◆ TASK DETAILS ◆
In the records below, begin at the line containing "The 5 most expensive beef cuts in the world" and end at the line containing "Healthy eating sweet"; quote every line in that span exactly, including both boundary lines, and no others.

::: DATASET ENTRIES :::

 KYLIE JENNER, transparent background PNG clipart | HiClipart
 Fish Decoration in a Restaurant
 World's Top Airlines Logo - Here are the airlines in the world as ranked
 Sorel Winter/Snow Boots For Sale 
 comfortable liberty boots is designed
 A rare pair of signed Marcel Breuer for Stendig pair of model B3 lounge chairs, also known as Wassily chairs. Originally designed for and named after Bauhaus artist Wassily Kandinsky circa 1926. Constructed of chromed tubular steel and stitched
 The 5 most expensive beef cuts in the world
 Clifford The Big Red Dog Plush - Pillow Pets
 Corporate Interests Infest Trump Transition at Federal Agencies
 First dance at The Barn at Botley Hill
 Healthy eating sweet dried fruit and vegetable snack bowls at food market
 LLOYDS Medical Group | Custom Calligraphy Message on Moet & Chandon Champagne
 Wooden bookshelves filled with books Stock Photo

:::

◆ THE ANSWER ◆
 The 5 most expensive beef cuts in the world
 Clifford The Big Red Dog Plush - Pillow Pets
 Corporate Interests Infest Trump Transition at Federal Agencies
 First dance at The Barn at Botley Hill
 Healthy eating sweet dried fruit and vegetable snack bowls at food market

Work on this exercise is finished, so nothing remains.